» **ACTIVITY**
Excluding any images, copy all of the lines below precisely as written.

» **SOURCE MATERIAL**

----------

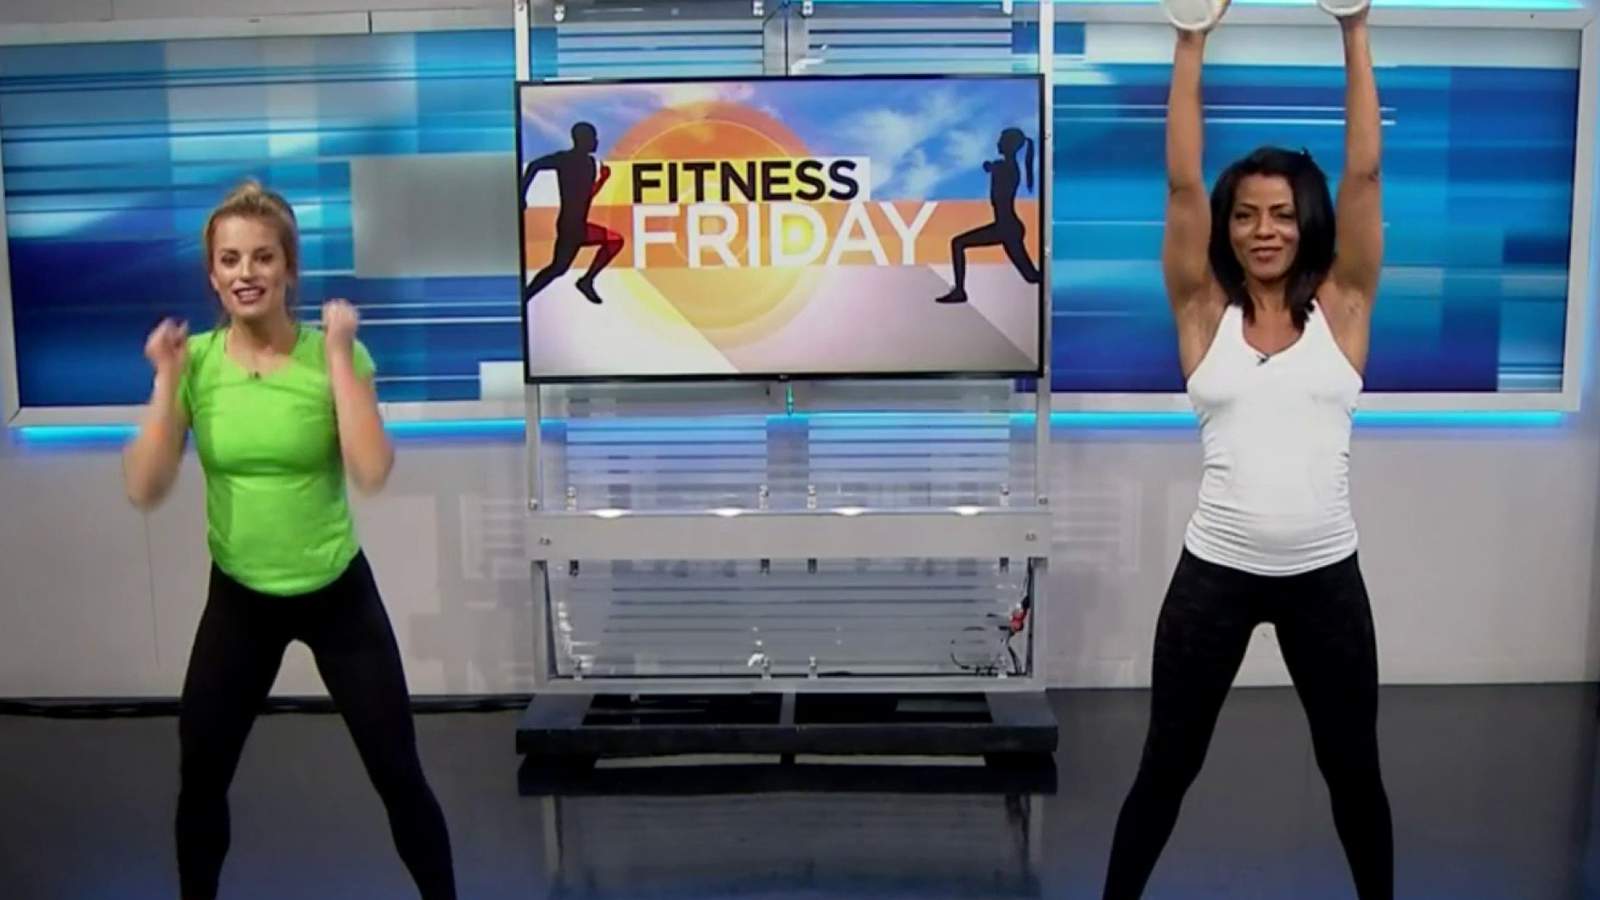 Fitness Friday: Simple workouts to do at home
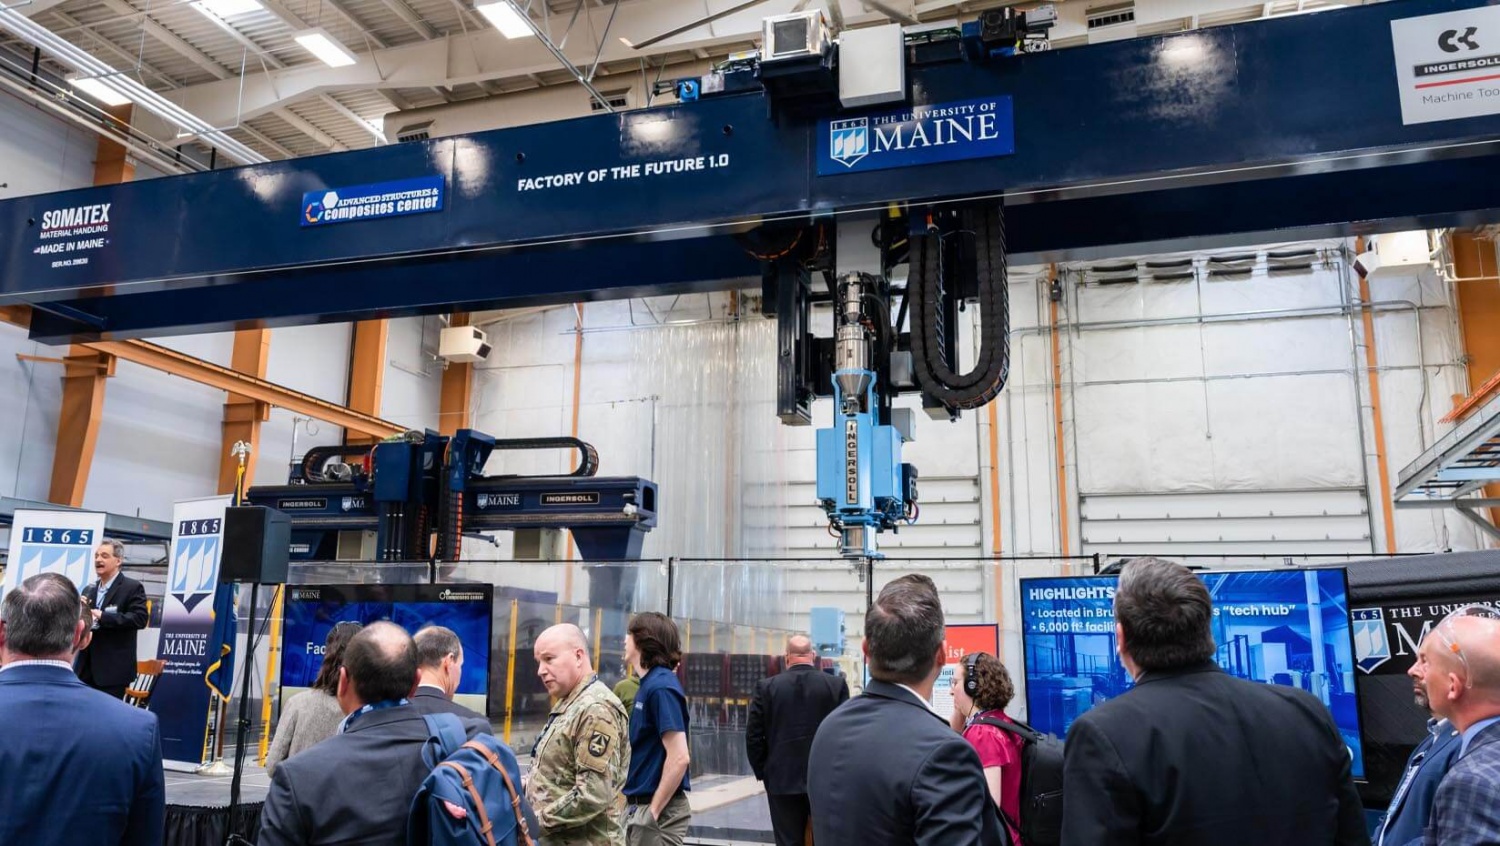 UMaine’s new 3D printer smashes former Guinness World Record to advance the next generation of advanced manufacturing
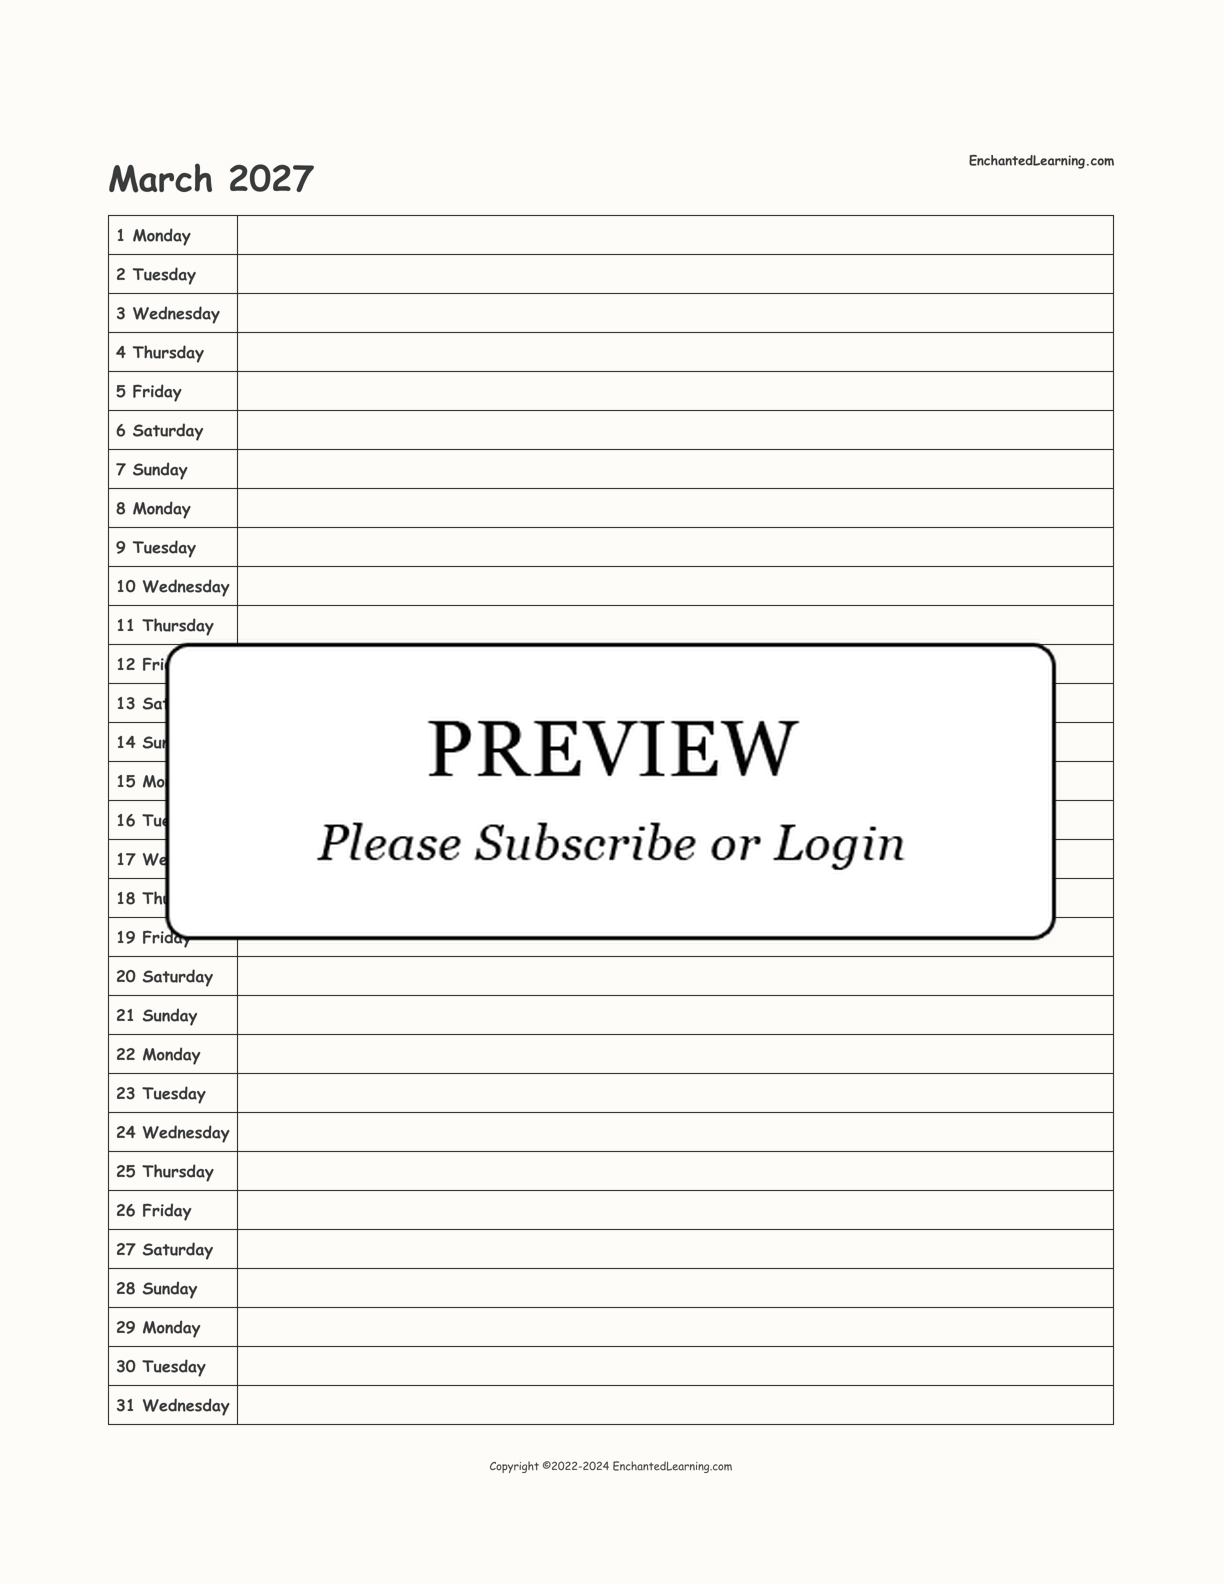 2027 Scheduling Calendar interactive printout page 3

----------

» **REPLY**
 Fitness Friday: Simple workouts to do at home
 UMaine’s new 3D printer smashes former Guinness World Record to advance the next generation of advanced manufacturing
 2027 Scheduling Calendar interactive printout page 3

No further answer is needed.